Let $f(z)= \sum_{n=0}^{\infty}a_nz^n$ be an entire function. If $\sum_{n=-1}^{\infty}b_nz^n$ is the Laurent series of $\frac{f(z+1)}{z}$ centered on $z=0,$ show that $$b_n = \sum_{k=n+1}^{\infty}\binom{k}{n+1}a_k, n \ge -1.$$
$\frac{f(z+1)}{z} = \sum_{n=-1}^{\infty}b_nz^n \to f(z+1) =\sum_{n=-1}^{\infty}b_nz^{n+1}$
I don't know what to do.
Thanks in advance for any help.
By the binomial theorem, $$(1+z)^k=\sum_{n=0}^k\binom kn z^n\overset{\color{blue}*}=\sum_{n=0}^\infty \binom kn z^n$$.

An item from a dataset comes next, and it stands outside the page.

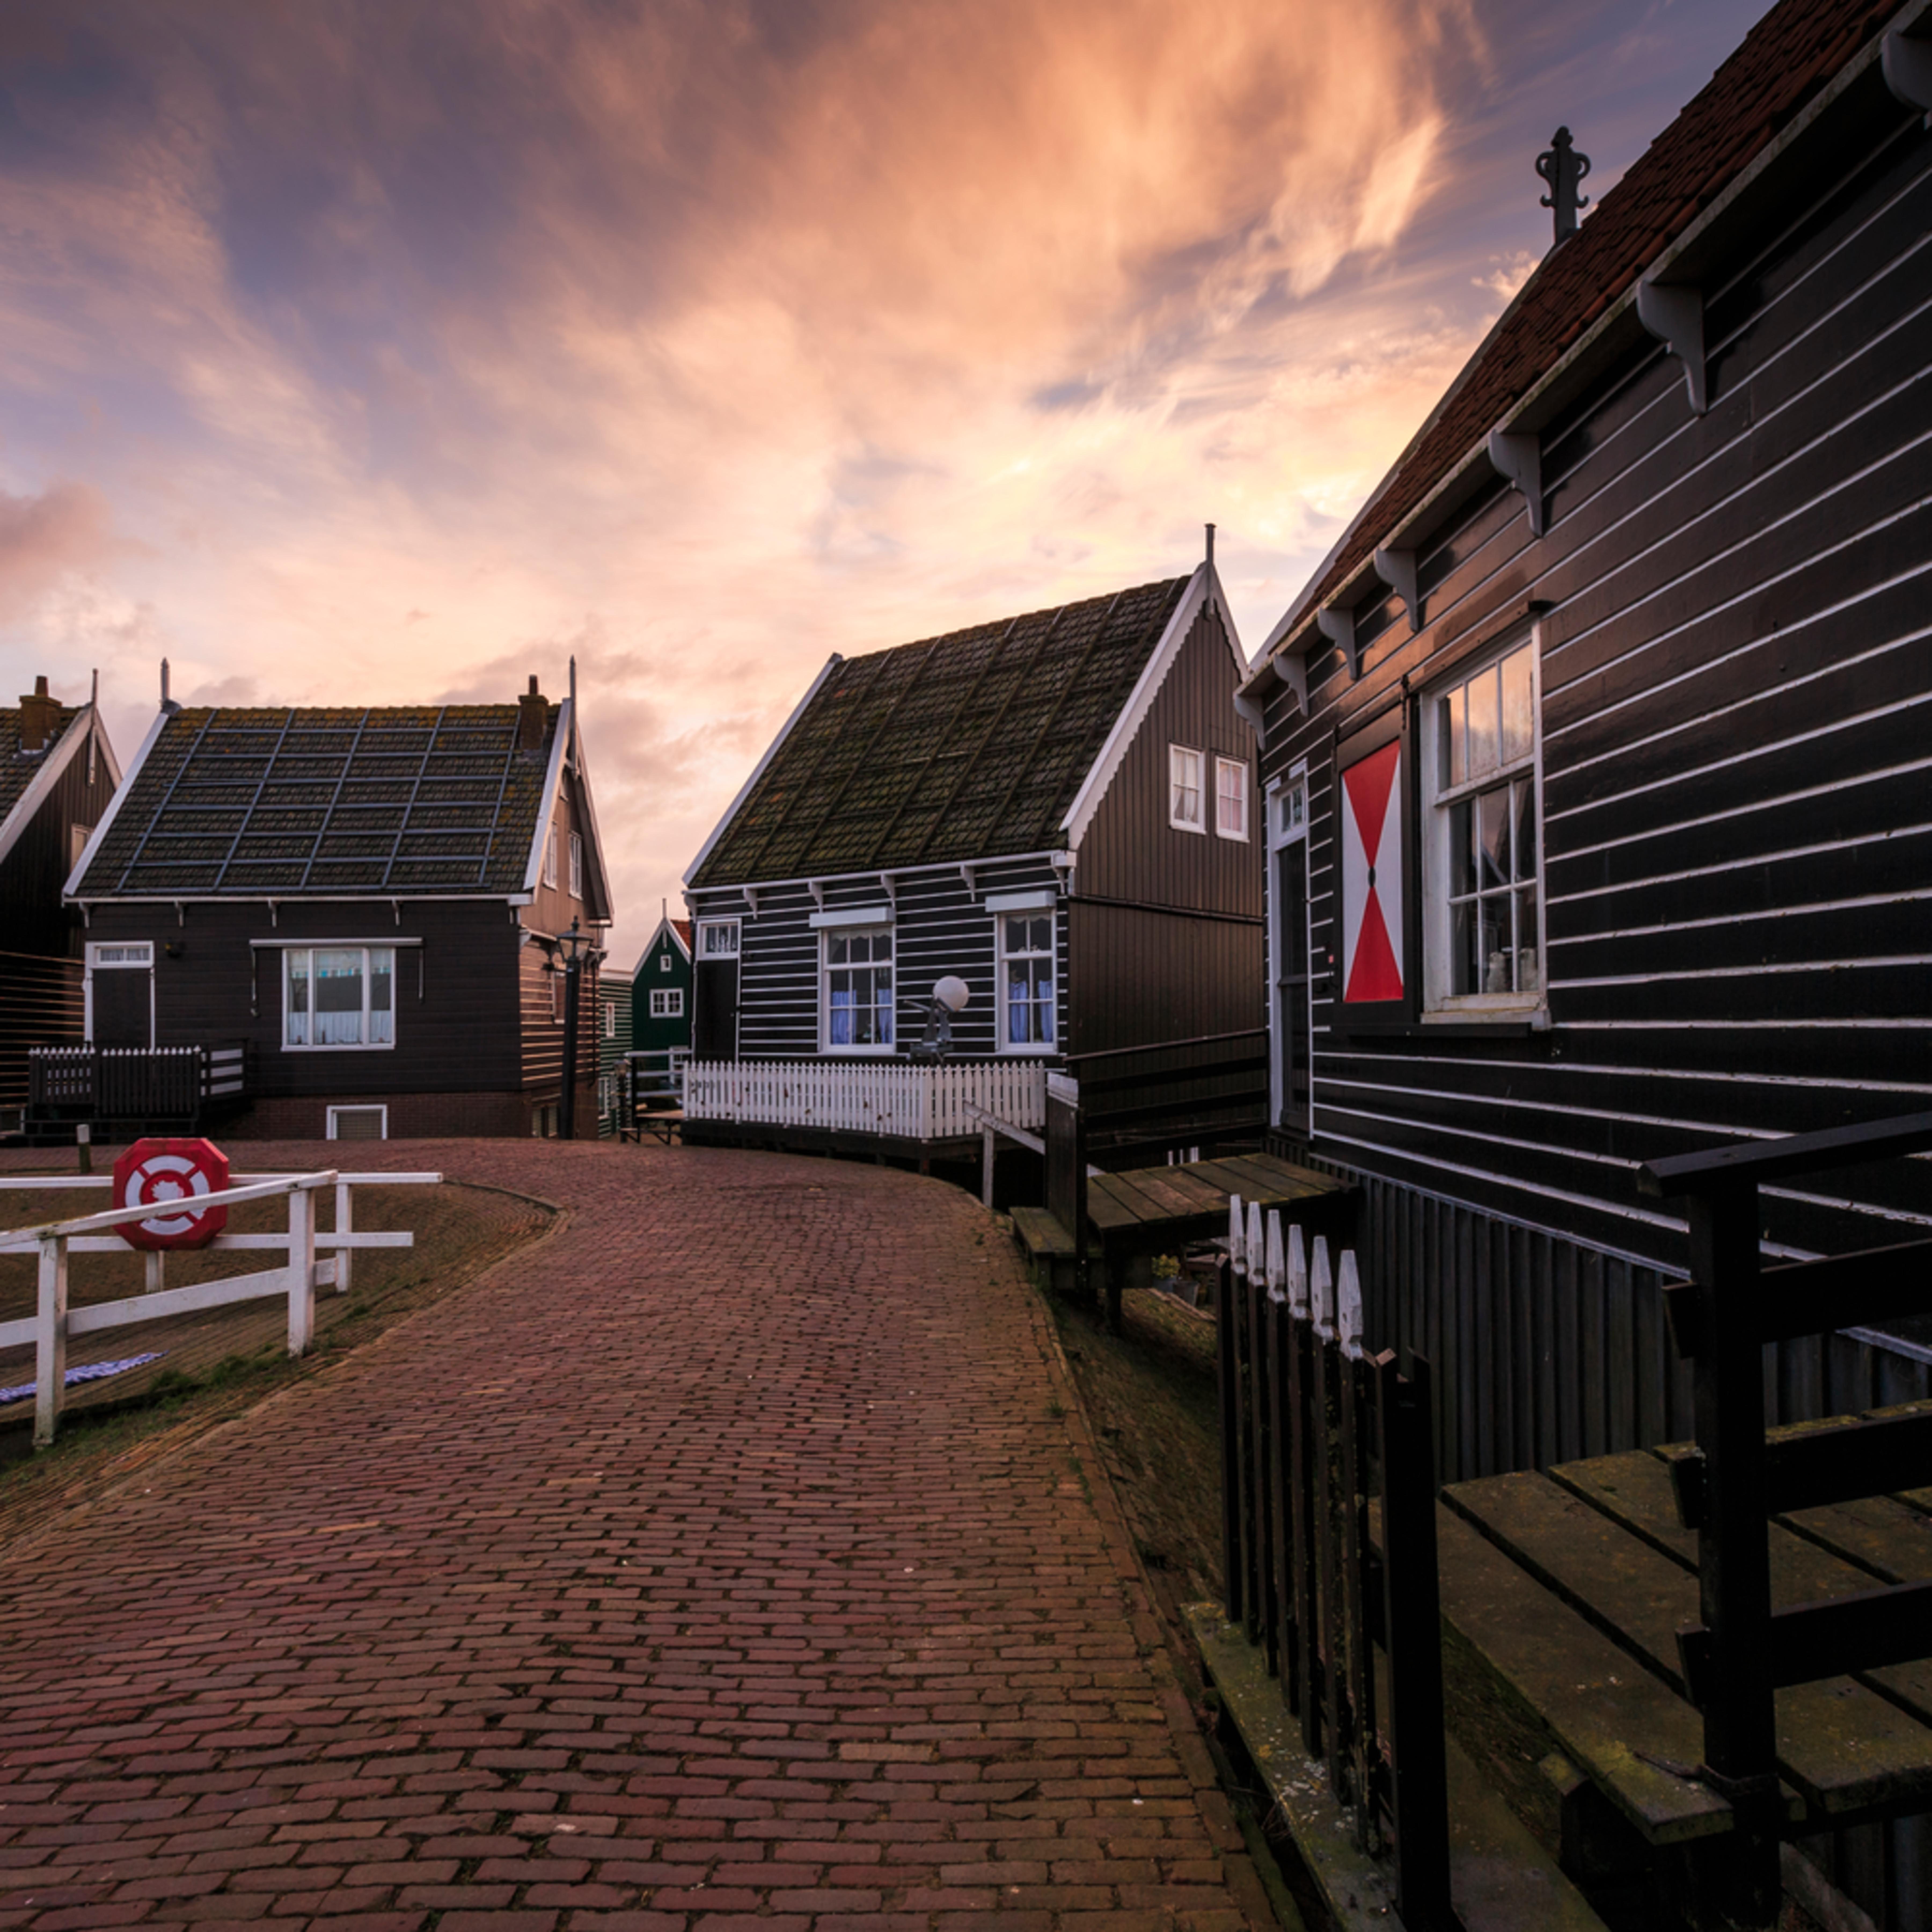 20170112 travel netherlands rural 0064 edit gtkshj

So we get $$\dfrac {f(z+1)}z=\dfrac {\sum_{k\ge0}a_k(1+z)^k}z=\dfrac {\sum_{k\ge0}a_k(\sum_{n\ge0}\binom kn z^n)}z=\sum_k\sum_n a_k\binom kn z^{n-1}=\sum_n\sum_k a_k\binom kn z^{n-1}=\sum_{n=-1}^\infty \sum_{k\ge0}a_k\binom k{n+1}z^n\overset{\color{blue}*}=\sum_{n=-1}^\infty \sum_{k=n+1}^\infty a_k\binom k{n+1}z^n$$,
$\color {blue}*$ because of the convention that for $k\lt n$, we have $\binom kn=0$.